» ACTIVITY
Only the lines from the one containing "Q-Lite Star-Win 8 LED Front Bicycle Light" through the end of the listing are to be repeated, exactly and without pictures.

» COLLECTED DATA
========

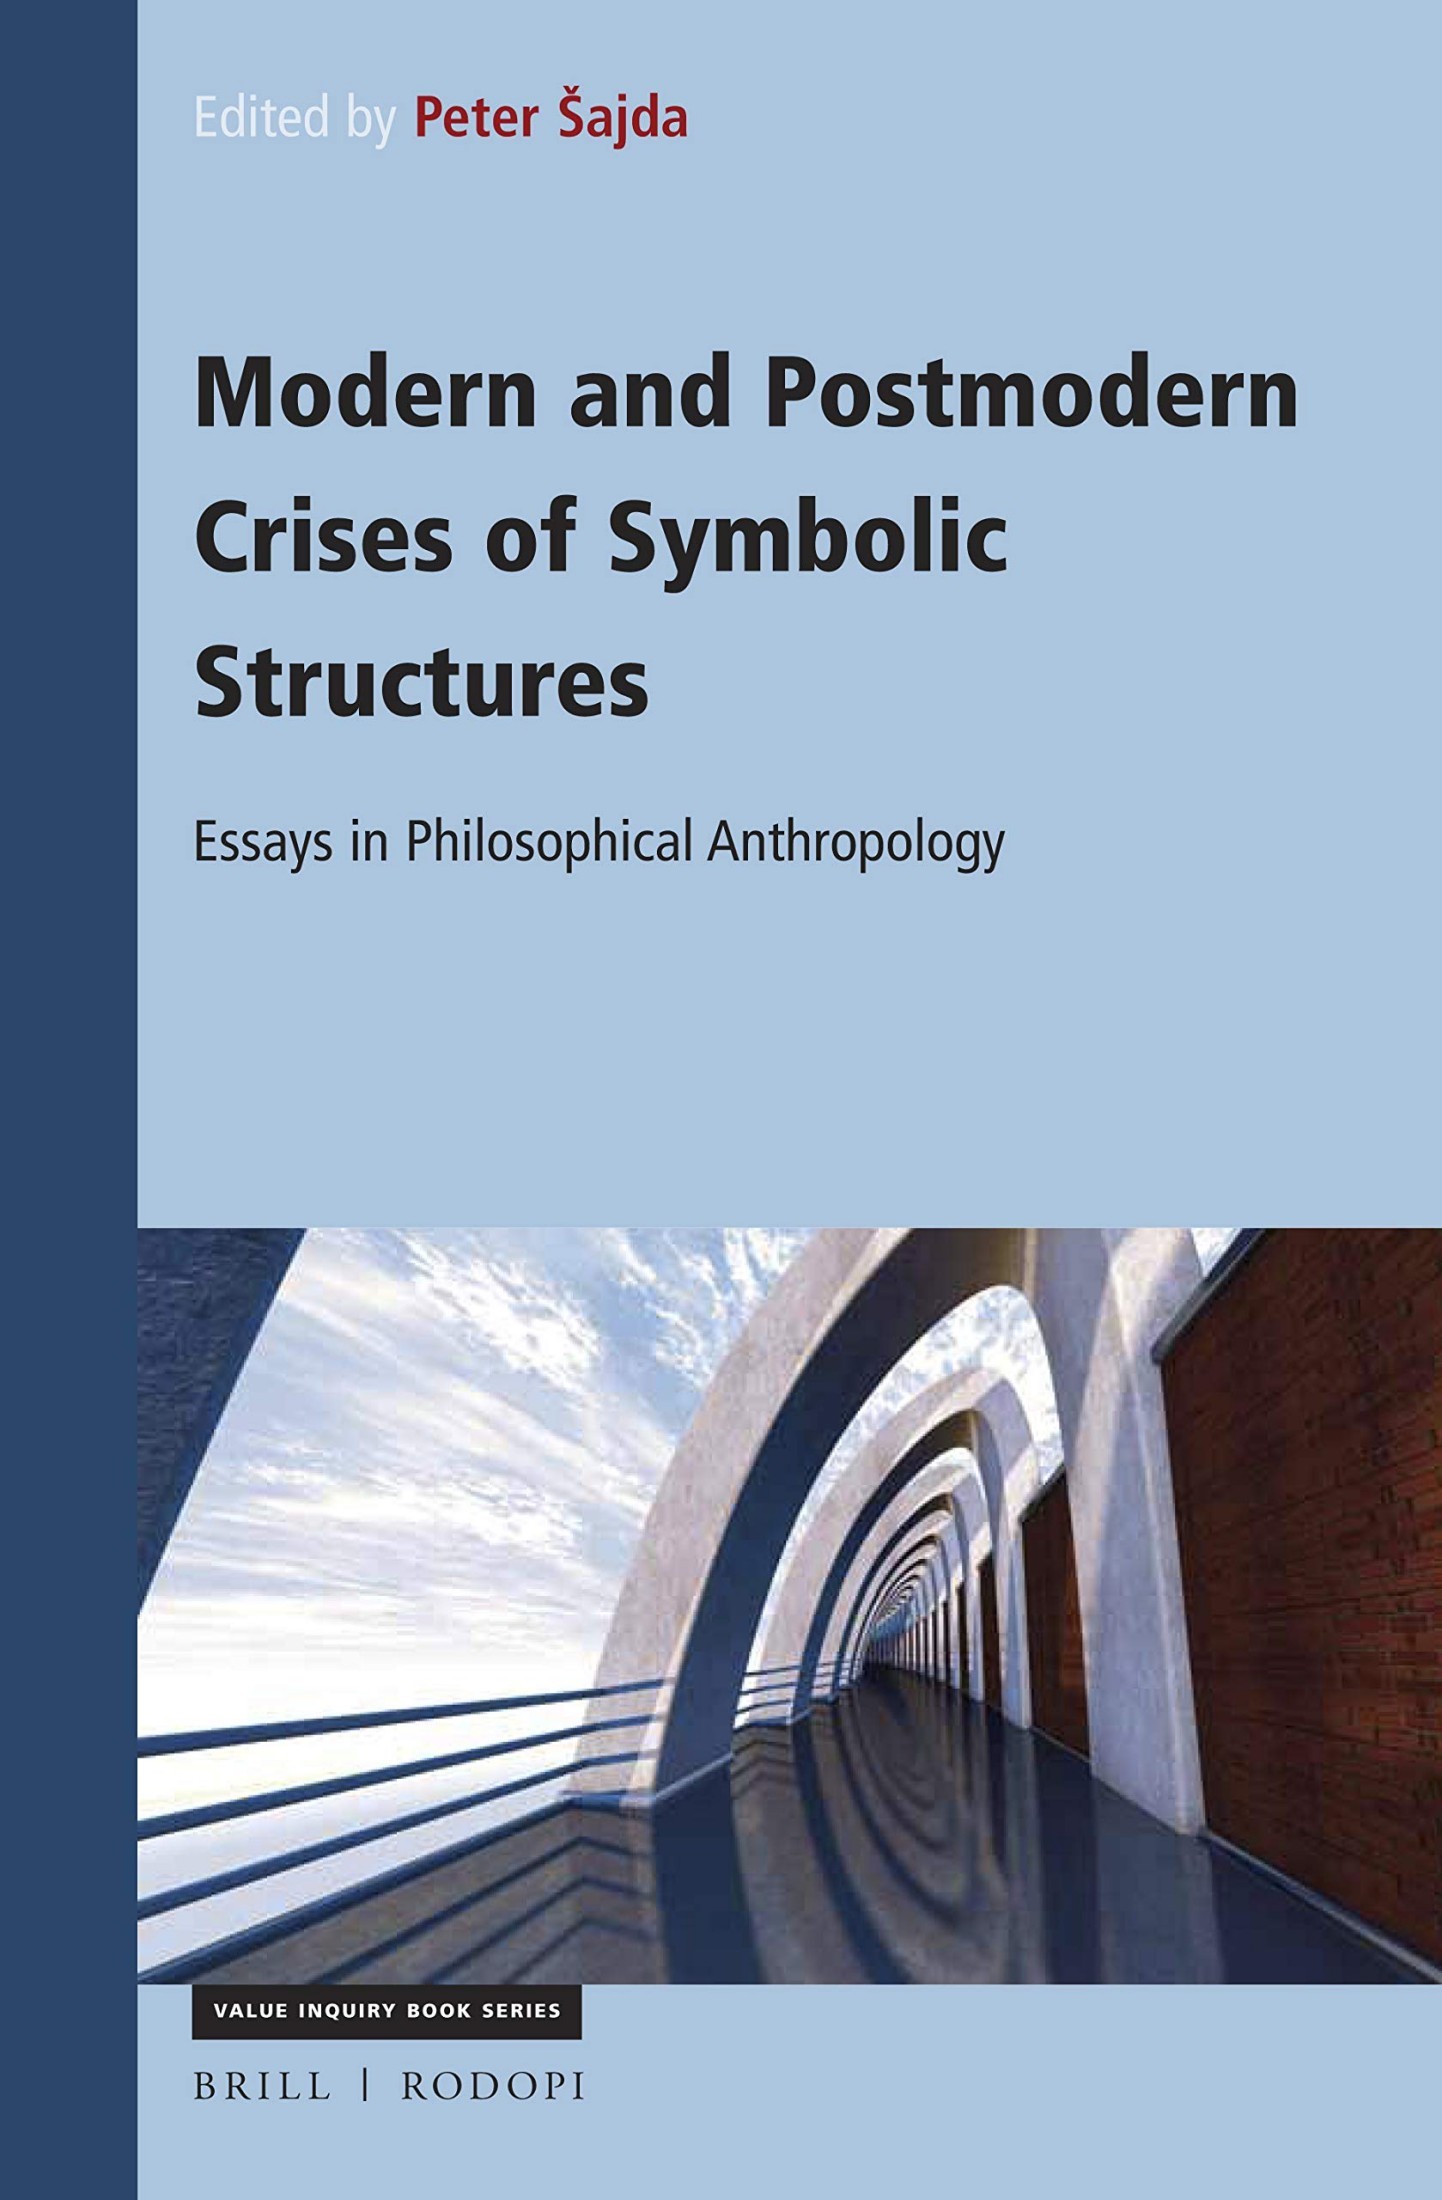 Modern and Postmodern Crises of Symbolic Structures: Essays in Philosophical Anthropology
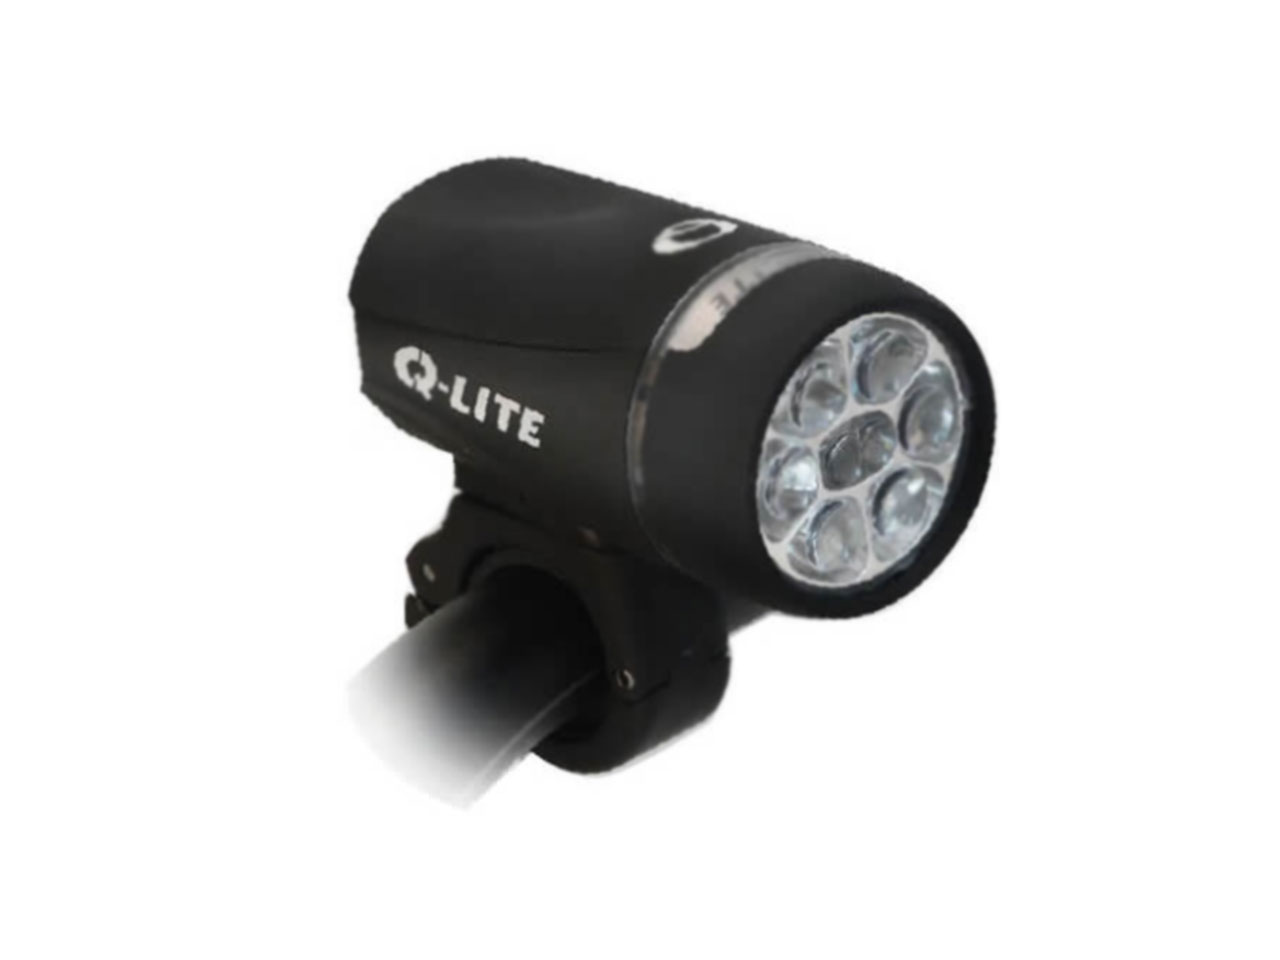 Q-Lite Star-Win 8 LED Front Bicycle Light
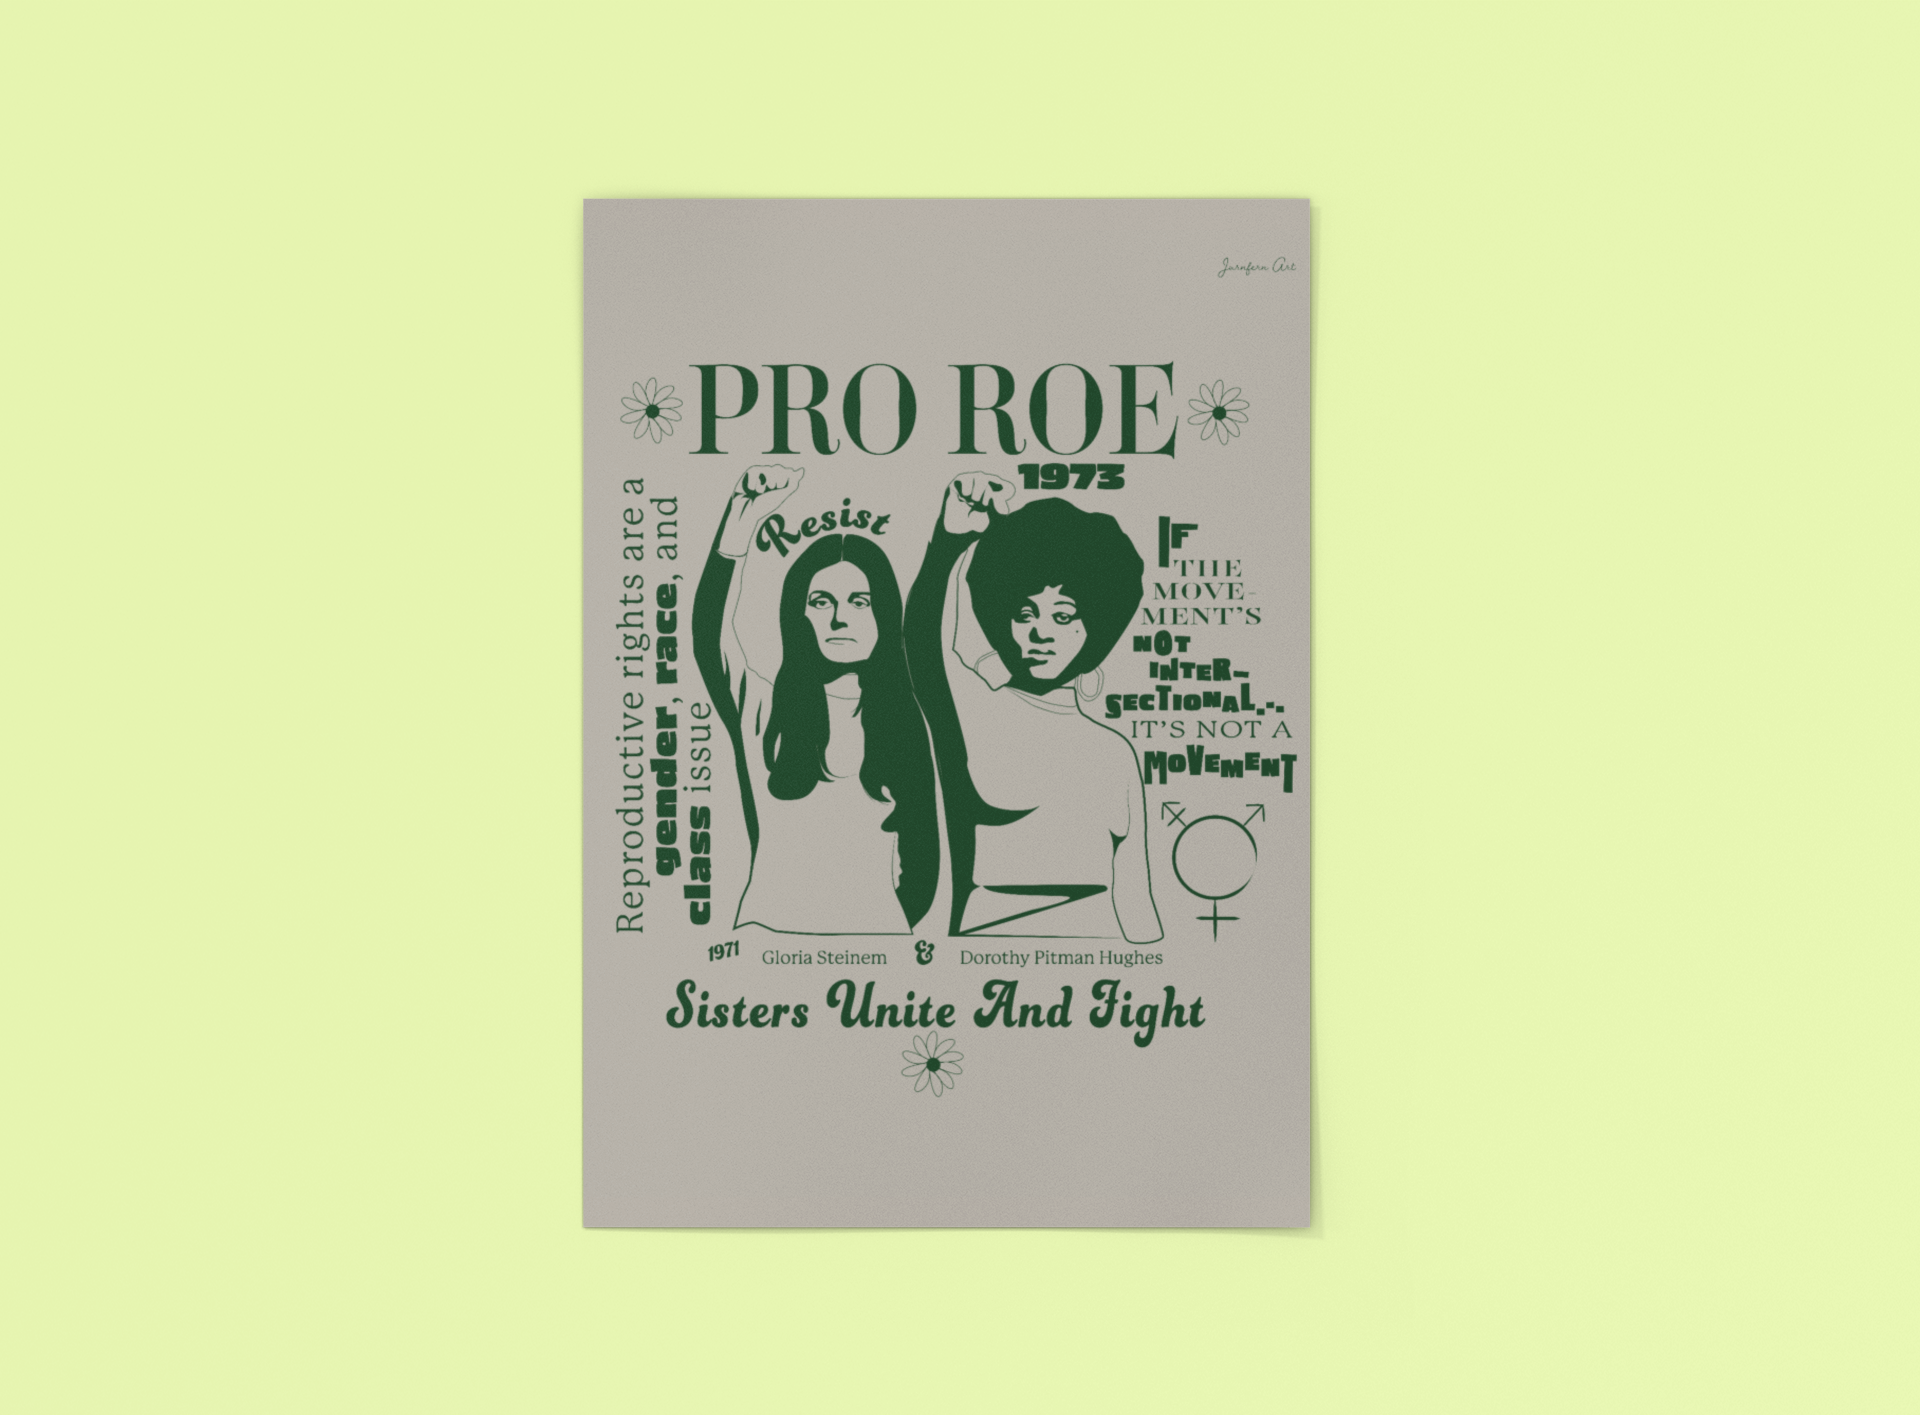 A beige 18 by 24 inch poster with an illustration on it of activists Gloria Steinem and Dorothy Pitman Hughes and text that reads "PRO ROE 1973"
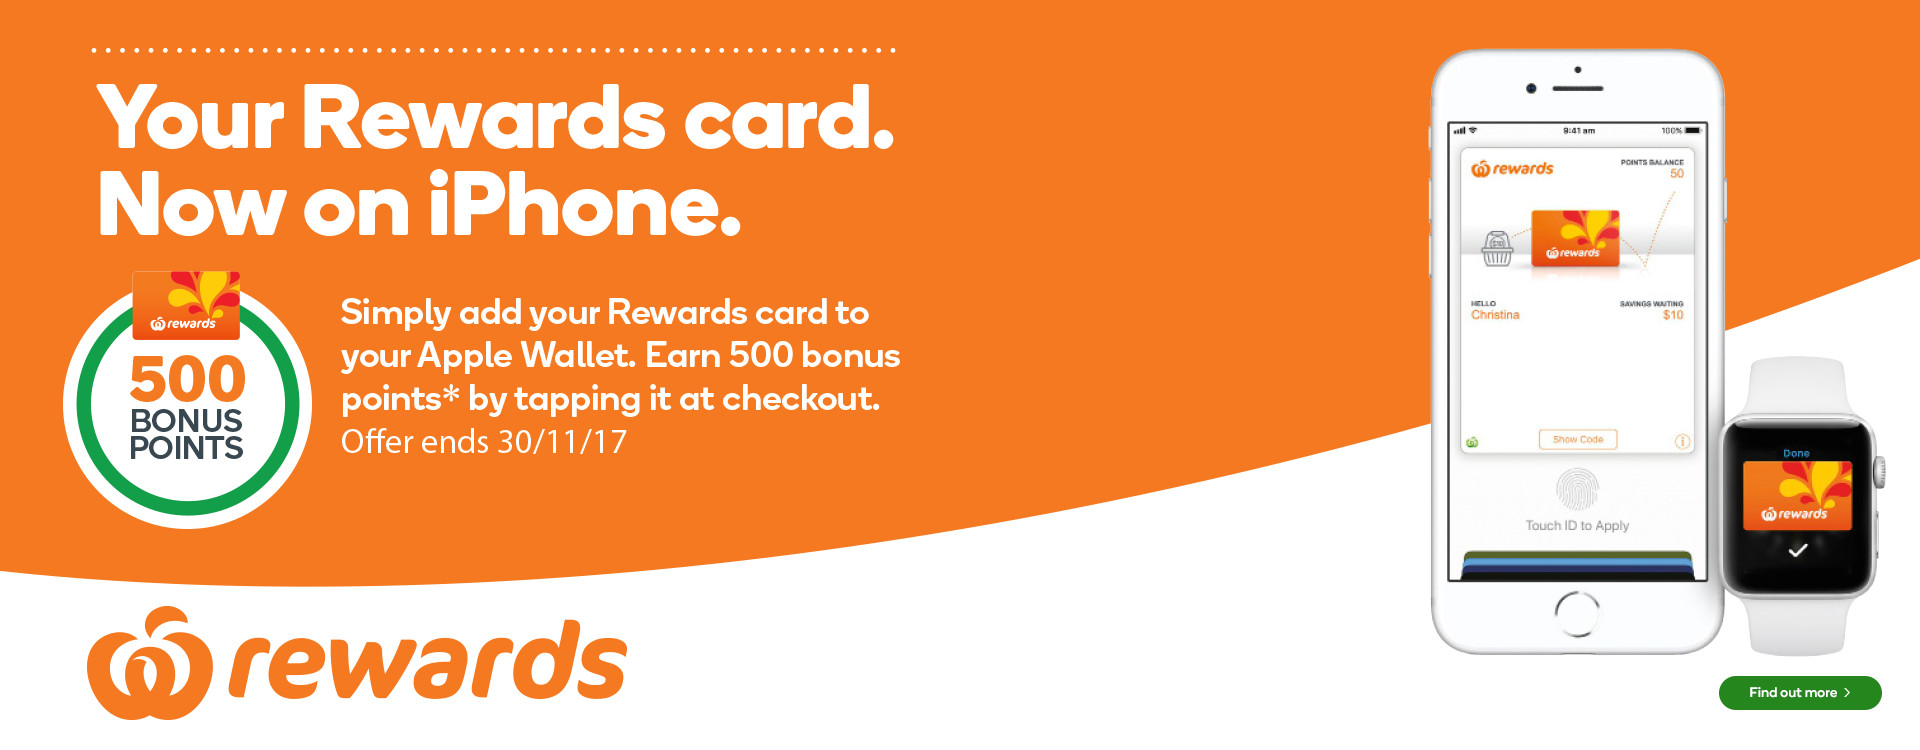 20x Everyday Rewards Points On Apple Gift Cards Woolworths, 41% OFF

========

» SOLUTION FOR THIS TASK
 Q-Lite Star-Win 8 LED Front Bicycle Light
 A beige 18 by 24 inch poster with an illustration on it of activists Gloria Steinem and Dorothy Pitman Hughes and text that reads "PRO ROE 1973"
 20x Everyday Rewards Points On Apple Gift Cards Woolworths, 41% OFF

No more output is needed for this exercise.